University of Mississippi launches nation’s first academic centre on student gambling
Published: 25 March 2026 | By Kathryn Evans
Summary
The University of Mississippi (Ole Miss) has created the nation’s first dedicated academic centre focused on student gambling. Approved by the university board of trustees, the Centre on Collegiate Gambling will lead research, prevention and treatment efforts and investigate impacts on collegiate sports integrity. The move follows a multi-campus Ole Miss study that found 39% of surveyed students had gambled in the past year and that sports betting was the most common form of play. Among student sports bettors, 6% met the American Psychiatric Association’s criteria for problem gambling, with many more at moderate risk.
The centre will examine a wide range of gambling behaviours — from traditional card games to emerging prediction markets and offshore channels — and develop evidence-based strategies for campuses. Its launch coincides with active state-level debate in Mississippi over sports betting and with recent federal momentum for increased gambling addiction research funding.
Key Points
- Ole Miss has established the first US academic centre solely devoted to collegiate gambling research, prevention and treatment.
- A multi-campus study found 39% of students gambled in the past year; sports betting was the most common form.
- 6% of student sports bettors met APA criteria for problem gambling; many others were at moderate risk.
- Higher gambling prevalence was linked to being male, white, living off-campus and belonging to Greek life; 58% used online sportsbooks.
- The centre will research diverse behaviours (including prediction markets and offshore betting) and study effects on college sports integrity, aiming to produce evidence-based campus interventions.

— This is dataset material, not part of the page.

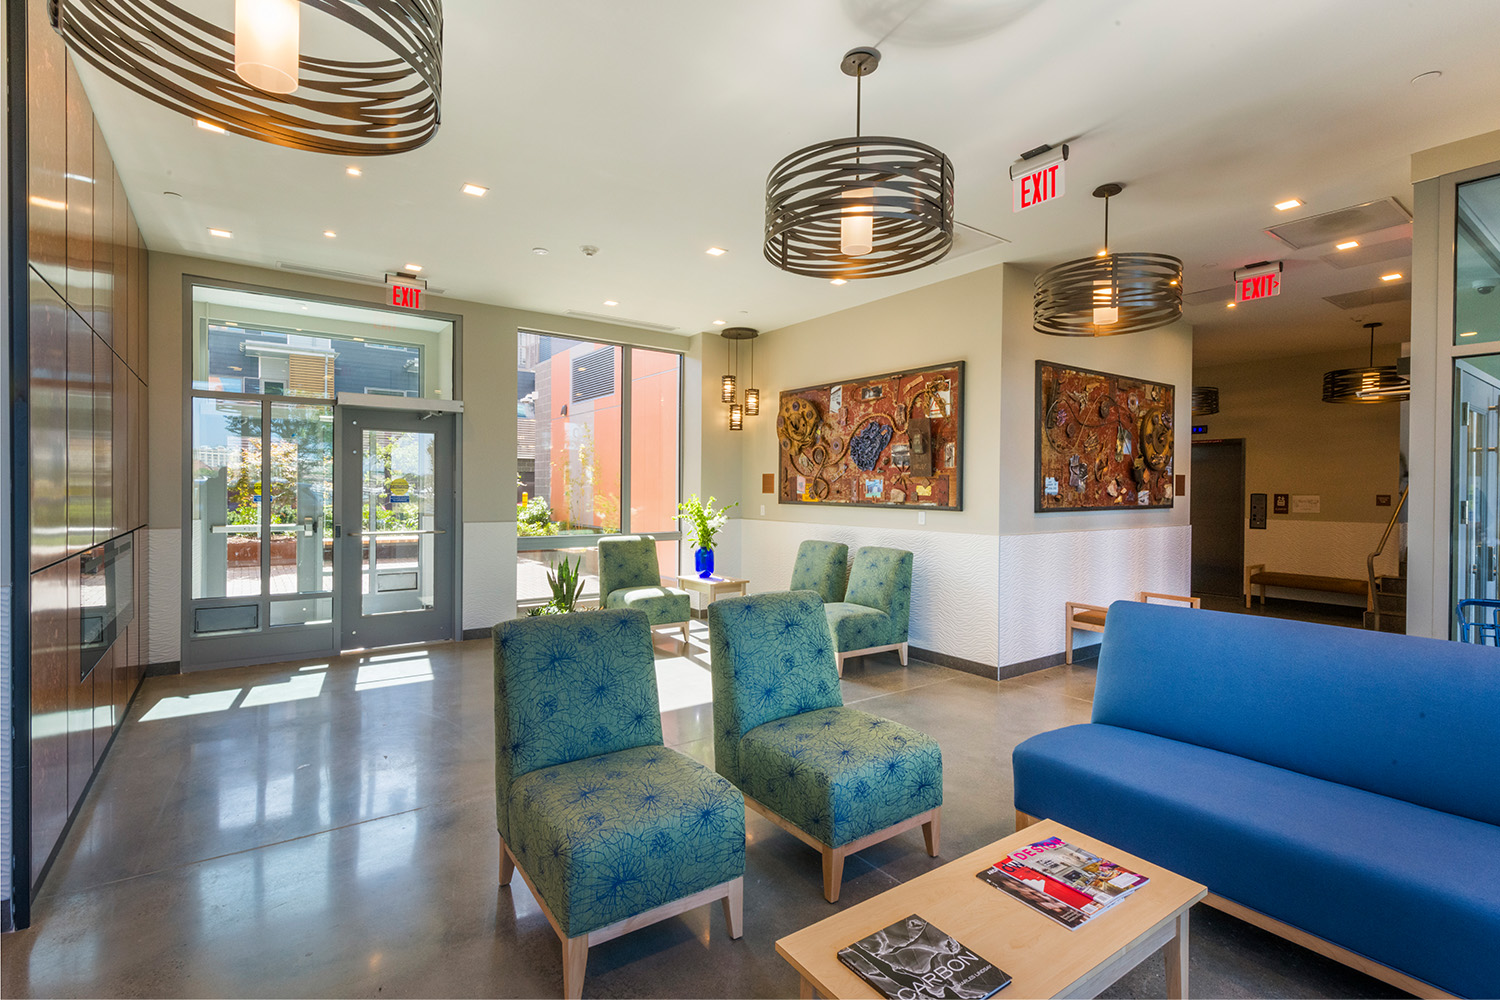 Lobby with elegant light fixtures, and blue couch and chairs

- The initiative aligns with active state legislative debate on sports betting and a new bipartisan federal measure to boost gambling addiction research funding.
Context and relevance
This is the first time a US university has created a dedicated academic unit for student gambling, filling a recognised research gap. For universities, policymakers, public-health professionals and the gambling industry, the centre offers a systematic way to track student behaviour, identify at-risk groups and test prevention/treatment programmes. It also arrives as online and offshore betting channels expand, creating enforcement and integrity challenges for college sports.
Why should I read this?
Short and blunt: if you care about student welfare, college-sport integrity or how betting habits are changing on campuses, this matters. Ole Miss has turned preliminary survey findings into a formal research and intervention hub — expect practical data, new campus policies and pressure on regulators and operators. Read this to know where research and policy will point next.
Author style
Punchy: This isn’t just an academic press release — it’s a signal that collegiate gambling is being treated as a serious public-health and integrity issue. If you work in higher education, gambling policy, student services or the betting industry, the centre’s findings will be worth watching closely.